The fix is a single file called VIAPFD.SYS. There is no "readme" included, and the installer is very simple. You just click next twice, and it asks you if you want to reset. No INF is installed. Only a single registry entry, VIAPFD, is added to the driver section of the registry and provides Windows the path to the .sys file for execution. The .sys file version number is 5.0.2195.100, which is, consequently, a Windows 2000 build number. I have no information at this time to say if it will work on NT4 or any of the 9x variants of the OS. Given that it is a single .sys file, it's within reason for this file to be universal across the Windows platforms. The installer, which adds the registry key, would simply need to be aware of the differences among the Windows databases.
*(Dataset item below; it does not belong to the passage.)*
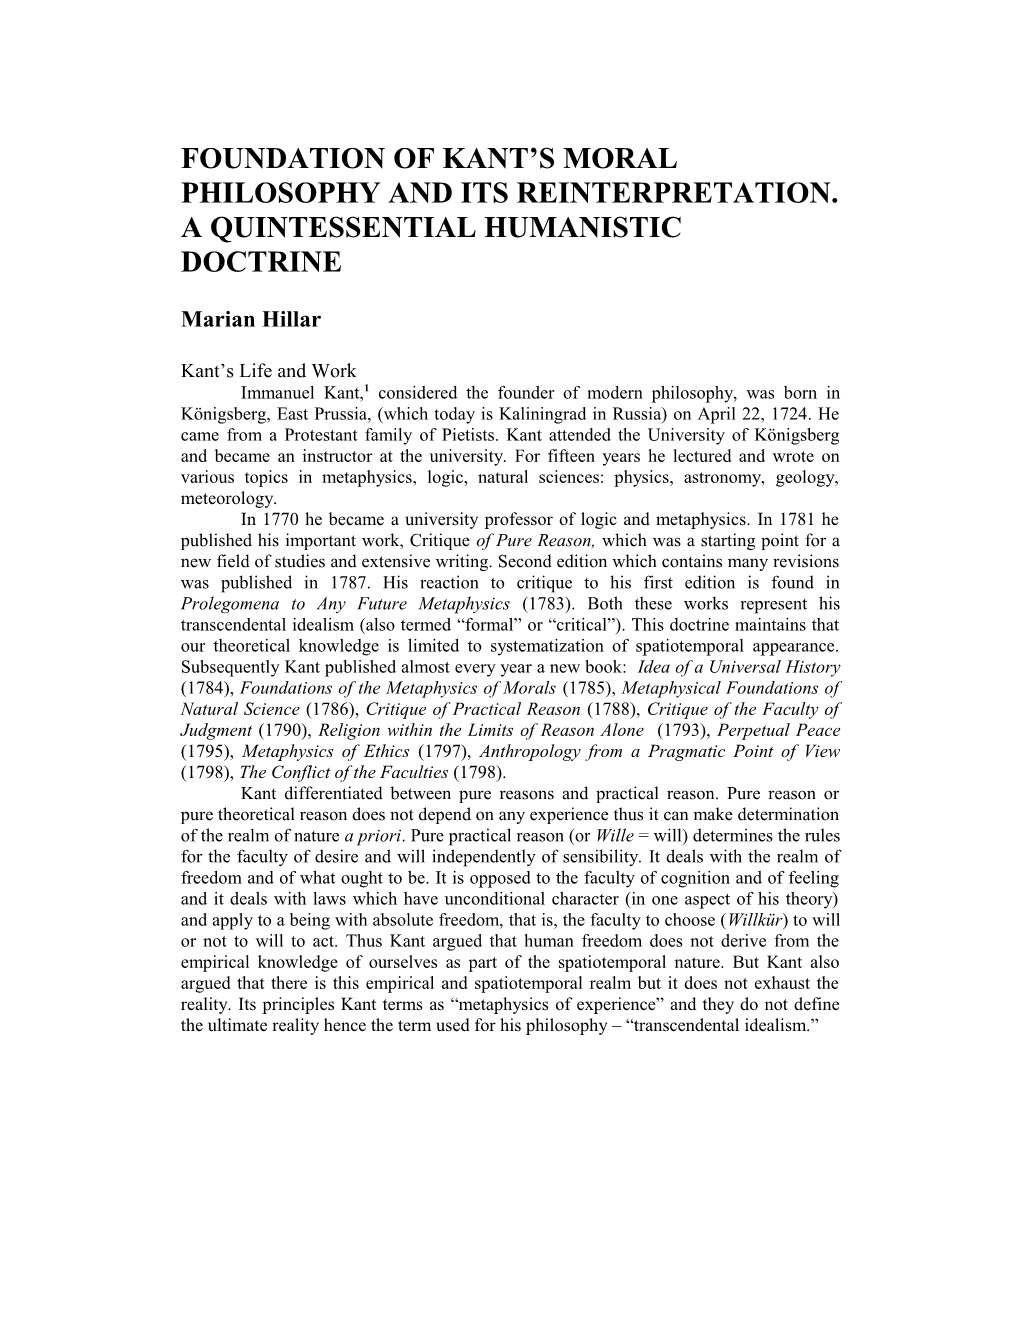 FOUNDATION of Kant S Moral Philosophy and Its Reinterpretation. a Quintessential Humanistic

Windows will execute this driver during boot, and it will make the appropriate register changes to the NorthBridge/SouthBridge. At this time, I don't know what register settings it changes, but if you don't need this fix, then I would avoid installing this driver. Performance loss is a possiblity. I am also unsure if this driver will help 686A users.
Removal is an easy process. Windows' Find Files and Folders will allow you to delete copies of the viapfd.sys file and a regedit will locate the single relevant key by searching for viapfd.sys. If you delete the driver, though, the registry key will be ignored. So this isn't too dangerous to test. Just make sure you are in a position to reach a DOS prompt in order to delete the file in case of a boot failure. NT4 and Windows 2000 NTFS users, you should be leery unless you have Sysinternals NTFSDOS Professional Edition. Good luck.
Update: George Breese, the creator of many VIA patches, including one for this very issue, has provided some info to VIA Hardware about the changes the viapfd.sys file makes:
The patch is very specific. You must have a KX133 or KT133x, 686B, and a Creative sound card before the patch will allow itself to work.
The result, observed in WPCREDIT, is that register 76, bits 4&5, are set to 01 in the main chip.
Well, I guess that leaves you 686A users hanging out to dry. It also will not help any Apollo Pro users who are experiencing issues. I would like to be able to convey to you what exactly is being changed at bits 4 and 5 of register 76, but I am afraid that VIA is not as forthcoming as Intel with register sheets for their chipsets.
George also hinted that this fix alone may not be enougha BIOS fix may complement the viapfd.sys file. Without knowing exactly what those register changes are doing, I can't say one way or another.